Forward-Looking Statements

Certain statements in this release are forward-looking statements within the meaning of the Private Securities Litigation Reform Act of 1995. Such statements are based on current expectations, estimates and projections about the Company's business and its proposed acquisition by Investor based, in part, on assumptions made by management. These statements, including statements regarding the possible termination of the merger agreement and the prospect of amendments thereto, are not guarantees of future performance and involve risks and uncertainties that are difficult to predict. Therefore, actual outcomes and results may differ materially from what is expressed or forecasted in such forward-looking statements due to numerous factors. Such forward-looking statements speak only as of the date on which they are made and Meadow Valley does not undertake any obligation to update any forward-looking statement to reflect events or circumstances after the date of this release, except as may be required by law.

Additional Information and Where to Find It

In connection with the proposed transaction, a definitive proxy statement of Meadow Valley and other materials will be filed with the SEC. WE URGE INVESTORS TO READ THE PROXY STATEMENT AND THESE OTHER MATERIALS CAREFULLY AND IN THEIR ENTIRETY WHEN THEY BECOME AVAILABLE BECAUSE THEY WILL CONTAIN IMPORTANT INFORMATION ABOUT MEADOW VALLEY AND THE PROPOSED TRANSACTION. Investors will be able to obtain free copies of the proxy statement (when available) as well as other documents filed with the SEC containing information about Meadow Valley at http://www.sec.gov, the SEC's free internet site. Free copies of Meadow Valley's SEC filings are also available on Meadow Valley's internet site at http://www.meadowvalley.com. Furthermore, investors may obtain free copies of Meadow Valley's SEC filings by directing such request to Meadow Valley Corporation, Attn: Corporate Secretary, 4602 East Thomas Road, Phoenix, Arizona 85018 or by requesting the same via telephone at (602) 437-5400.

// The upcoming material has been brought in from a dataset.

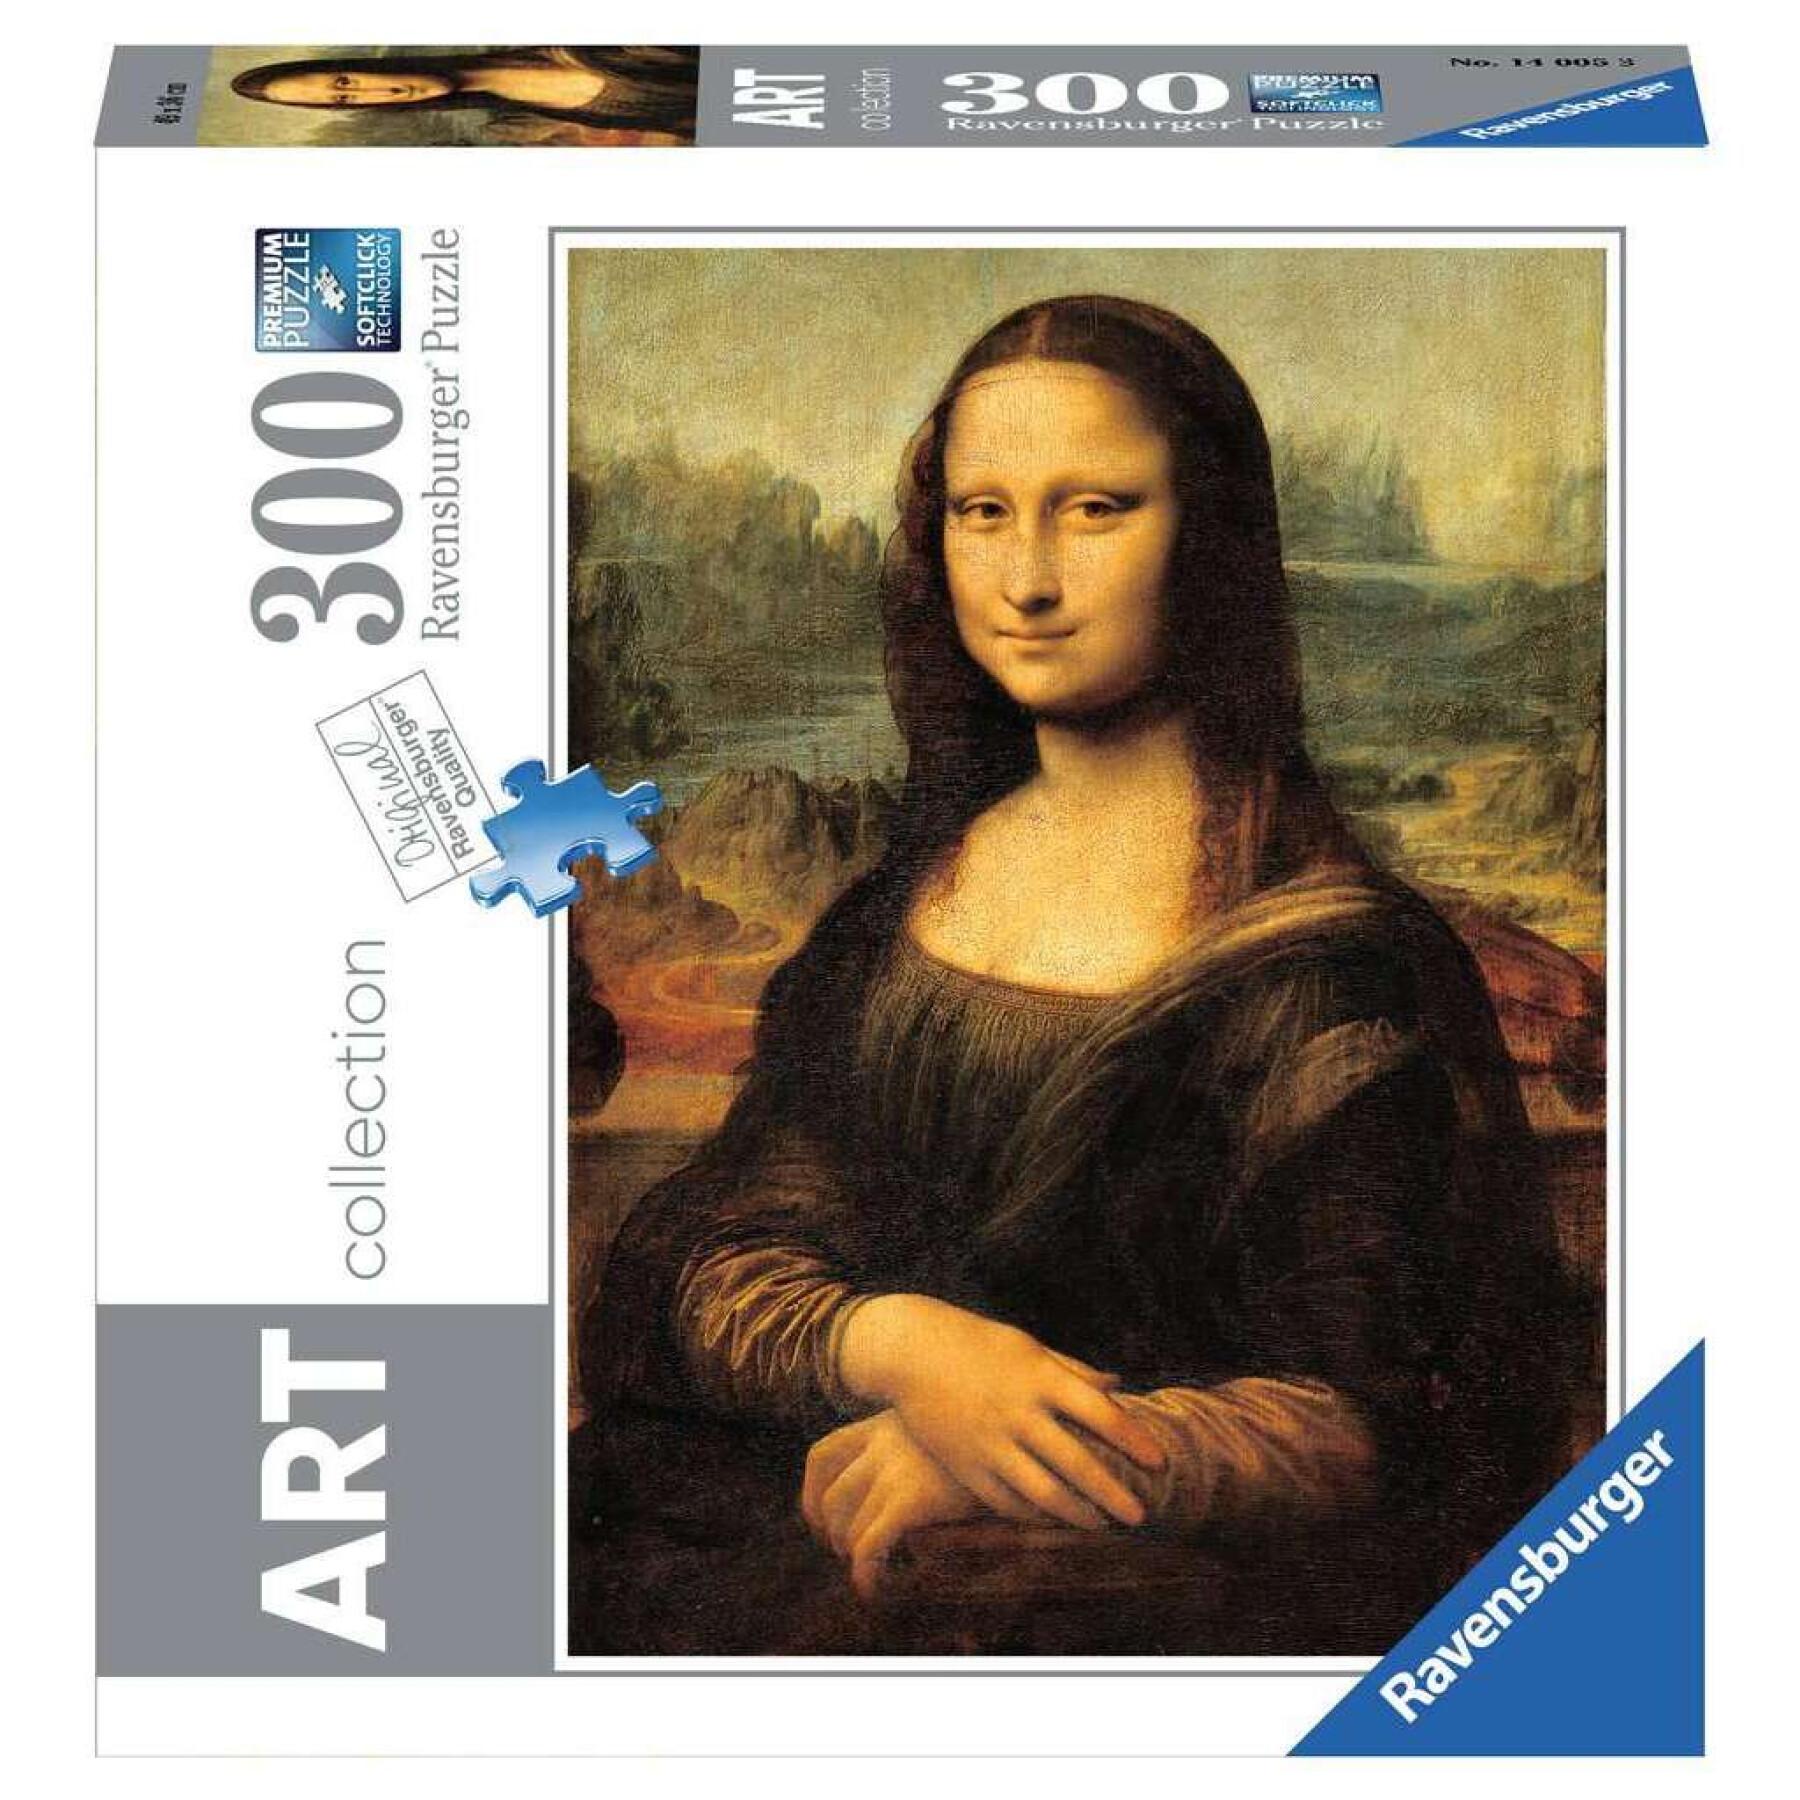 Puzzle 300 peças colecção de arte - Mona Lisa / Leonardo da Vinci Ravensburger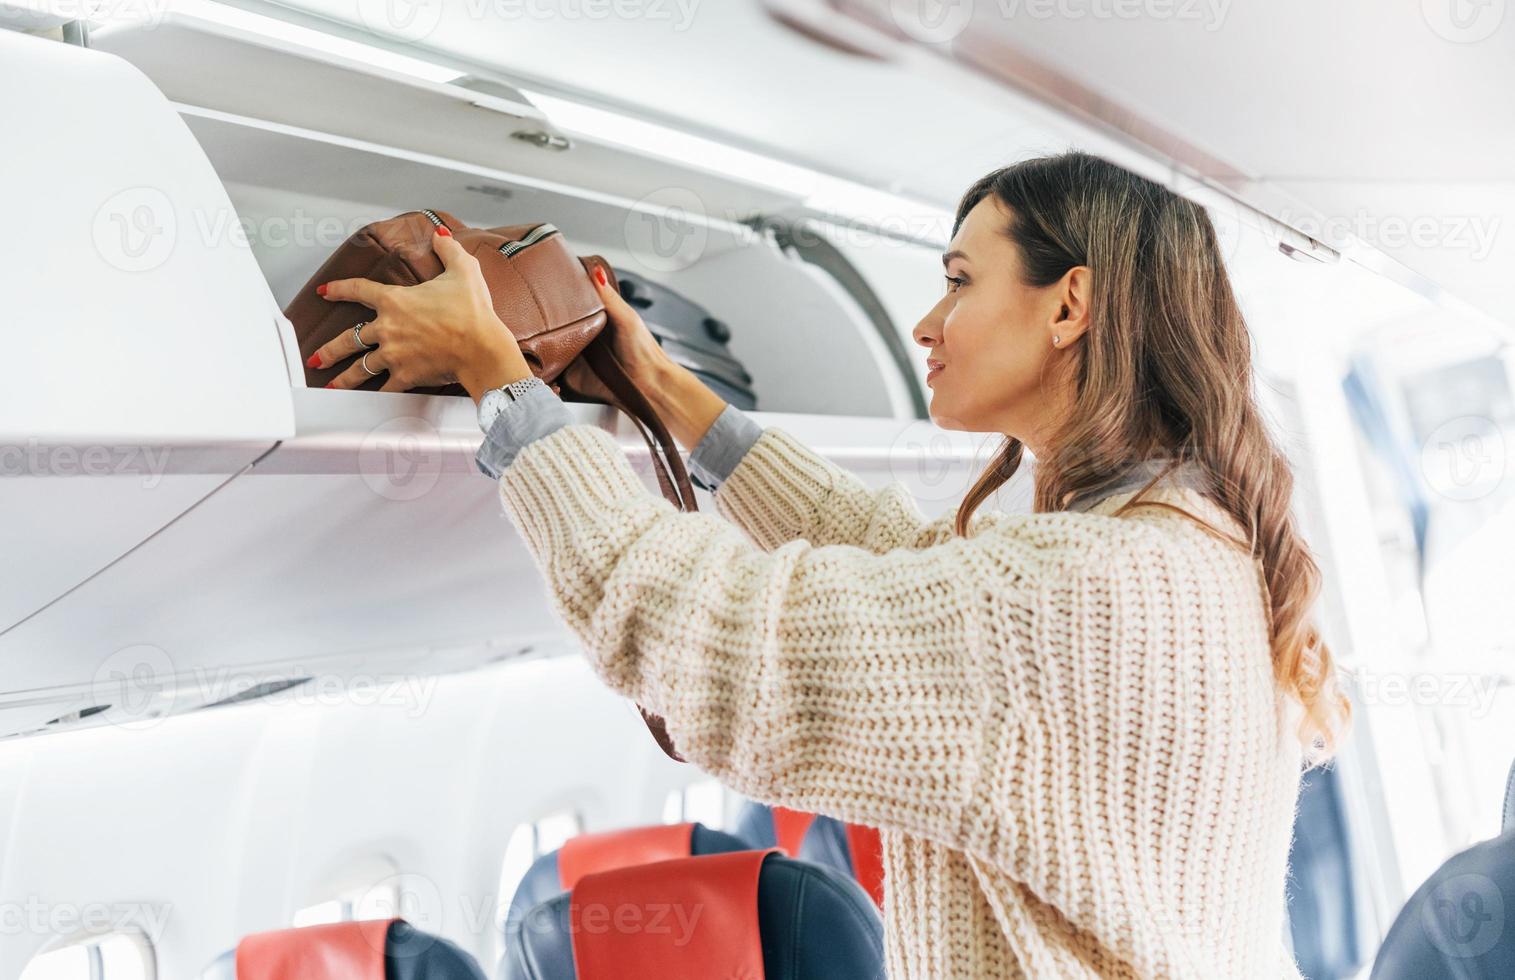 Gepäck halten. junge weibliche passagierin in lässiger kleidung ist im flugzeug foto

Participants in the Solicitation

Meadow Valley and its executive officers and directors may be deemed, under SEC rules, to be participants in the solicitation of proxies from Meadow Valley's stockholders with respect to the proposed transaction. Information regarding the officers and directors of Meadow Valley is included in its Annual Report on Form 10-K/A filed with the SEC on April 29, 2008. MORE DETAILED INFORMATION REGARDING THE IDENTITY OF POTENTIAL PARTICIPANTS, AND THEIR DIRECT OR INDIRECT INTERESTS, BY SECURITIES HOLDINGS OR OTHERWISE, WILL BE SET FORTH IN THE PROXY STATEMENT AND OTHER MATERIALS TO BE FILED WITH THE SEC IN CONNECTION WITH THE PROPOSED TRANSACTION.